Quelles sont les prochaines étapes envisagées grâce à l’obtention du prix ?

AVIAREPTE n’est plus simplement mon sujet de thèse. Dès le début, j’ai eu envie d’aller plus loin et de rendre ce travail concret. Accompagnée par l’Incubateur d’IMT Mines Alès, je me forme petit à petit à l’entrepreneuriat. Nous avons récemment mené une étude auprès de près de 40 psychomotriciens en France, pour comprendre leurs pratiques, leurs besoins, les points forts et faibles des outils actuellement utilisés, ainsi que leur intérêt pour notre projet. Cela m’a permis d’identifier plusieurs psychomotriciens prêts à devenir bêta-testeurs de notre solution.

Grâce au prix de 2 500 € de la La Fondation Mines Alès, sous égide de la Fondation Mines Télécom, dans le cadre de l’aide aux projets d’élèves, je vais pouvoir m’équiper du matériel nécessaire à la réalisation de prototypes, que je pourrai faire tester et améliorer par itérations successives. La solution que je propose comporterait un support équipé de caméras, et nous réfléchissons également à la réalisation d’un stylo connecté, afin de récupérer d’autres paramètres comme la pression, qui nous échappent pour l’instant avec la vidéo.

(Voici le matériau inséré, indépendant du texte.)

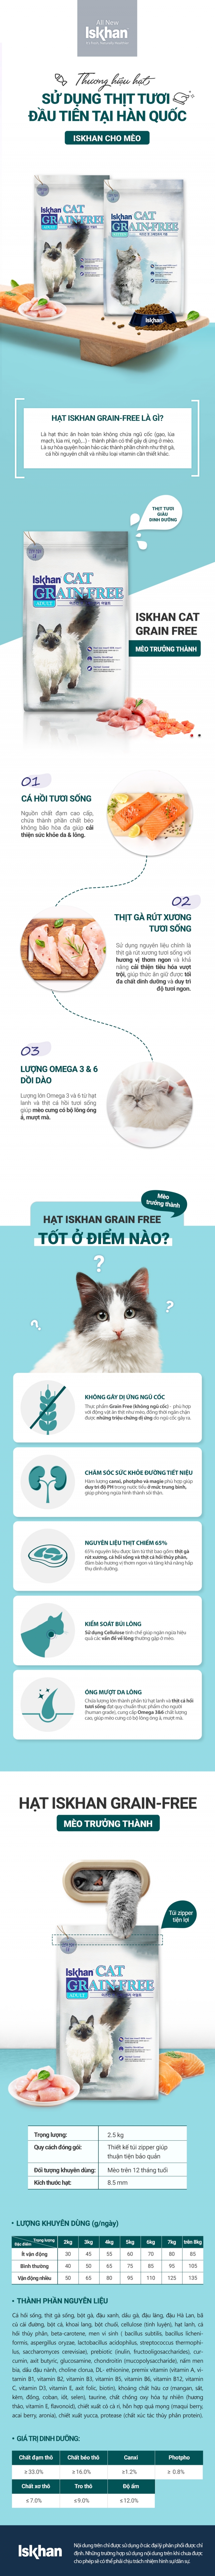 iskhan-cat-adult-redesign-1709524353.jpg

Avez-vous un mot à adresser aux donateurs et donatrices qui rendent ce prix possible ?

Je vois ce prix comme un véritable élan pour l’après-thèse. Je ne soutiendrai ma thèse que fin 2028, mais ce prix m’aide déjà à rendre ma recherche plus concrète et à évaluer sa viabilité pour la suite. Je remercie chaleureusement les donateurs et donatrices, car c’est grâce à eux que des idées de start-up peuvent trouver la motivation nécessaire pour se concrétiser. Je serais très fière de pouvoir un jour rendre la pareille, en aidant à mon tour des étudiantes et étudiants de l’Institut Mines-Télécom (IMT), et je l’espère, sous le nom de ma propre entreprise !

Quels conseils donneriez-vous à un élève qui envisage de postuler à l’appel à projets ?

Osez. Vous n’avez rien à perdre, tout à gagner. Beaucoup d’élèves n’osent pas candidater à des appels à projets, par défaitisme anticipé. Oui, cela demande un minimum d’investissement en temps, car il faut monter un dossier, mais ce travail finit toujours par être récompensé d’une manière ou d’une autre. Nombreux sont ceux qui ont des idées plein la tête mais qui n’osent pas se lancer par crainte du risque. Il est pourtant parfois nécessaire de prendre des risques pour mener ses projets à terme, et les appels à projets peuvent être un véritable levier pour oser franchir ce pas.